戦後初のアメリカ車右ハンドルなど話題に、ジープXJ型チェロキーの魅力と人気の理由

「ジープ」と言えば今やアメ車の中でも唯一日本市場で絶好調、クライスラー撤退後も引き続き日本で販売される数少ないブランドですが、そこに至るまでのブランディングに大きく貢献したのが2代目XJ型ジープ チェロキーです。

クロカン型クロスオーバーSUVの元祖、XJ型チェロキー

XJチェロキーPhoto by J. Squires
 

ジープ チェロキーは元々クライスラーに買収される以前にAMC(アメリカン・モーターズ)が開発した小型SUVで、フルサイズSUVであるワゴニアの縮小版でした。

その初代SJ型チェロキーを完全新設計してモデルチェンジ、1984年に登場したのがXJ型チェロキーです。

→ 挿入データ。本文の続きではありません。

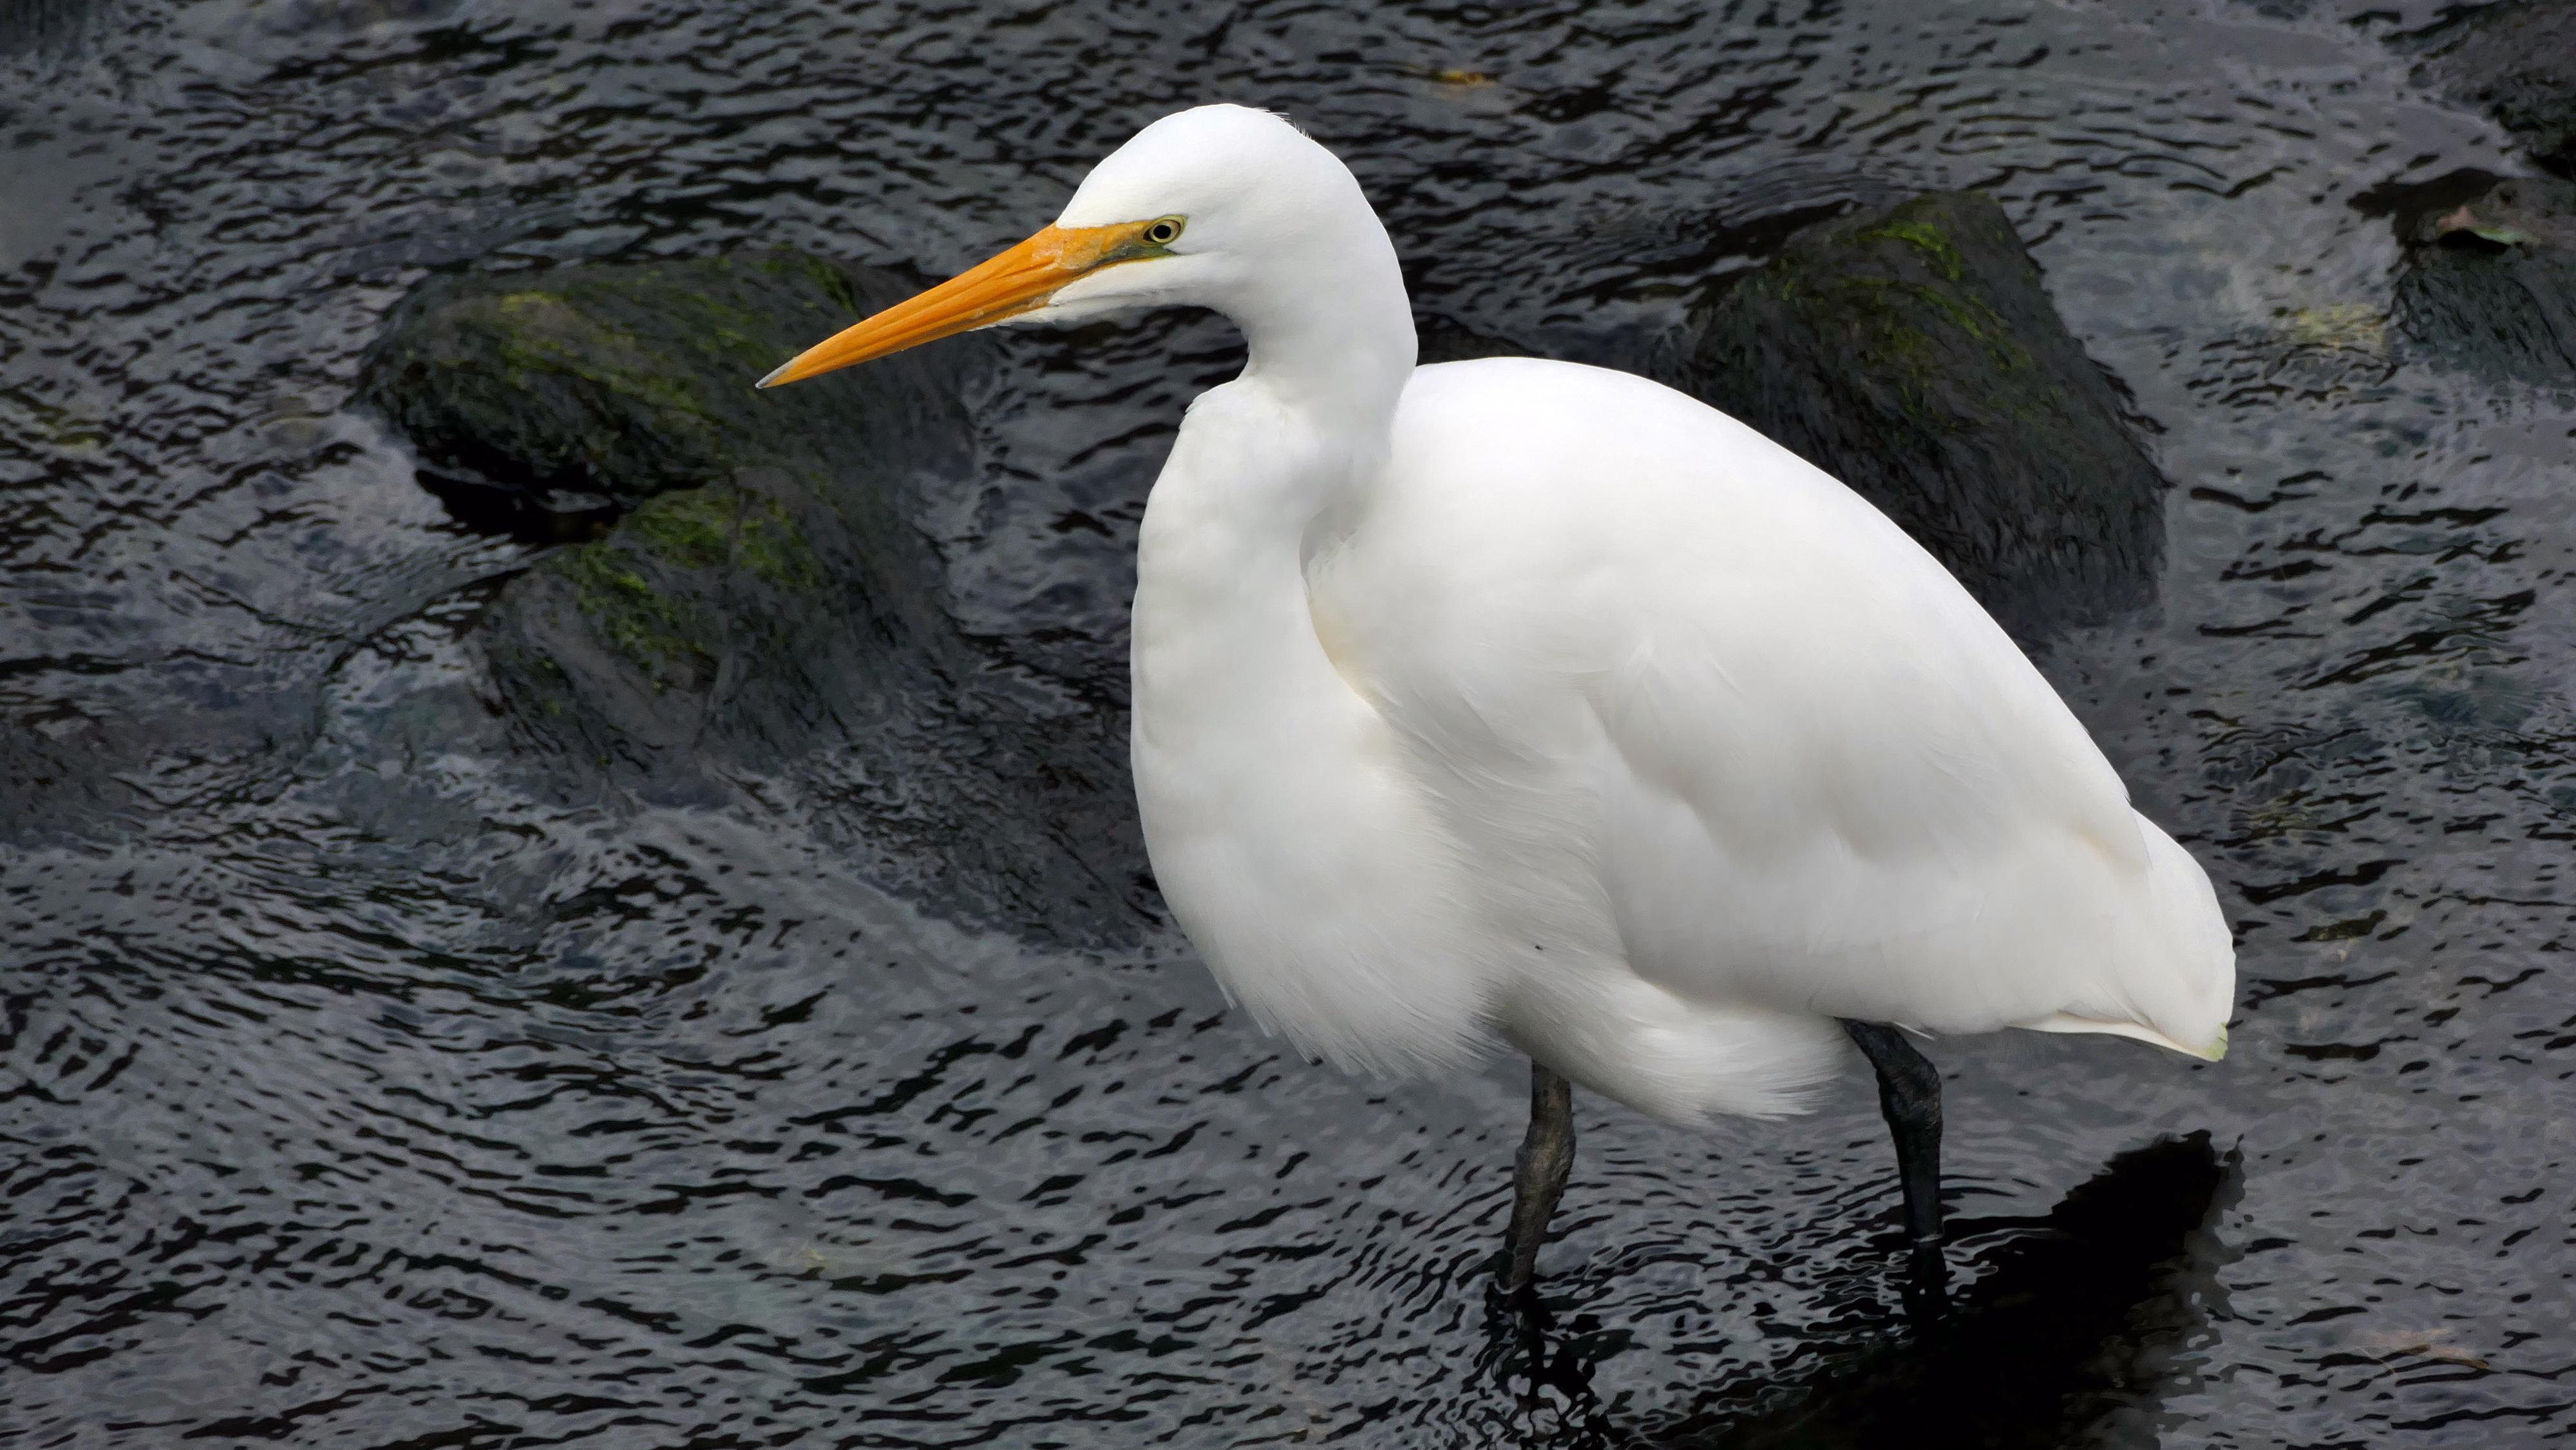 Kotuku, White heron, Egretta alba modesta,, Lumix FZ1000, Nature Lover, Outdoor, Free photos, HQ Photo

それまでの無骨なアメリカンスタイルから一転、当時AMCを傘下に置いていたフランスのルノーから影響を受けたヨーロピアンスタイルとなり、ラダーフレームに載せられた本格クロカンボディからモノコックボディへと変更。

乗用車をベースにしてはいませんが、元祖クロスオーバーというべき構造をしており、大幅に軽量化されたことから軽快な走りが受け、スタイルと相まって北米のみならず日本も含め世界でヒット作となりました。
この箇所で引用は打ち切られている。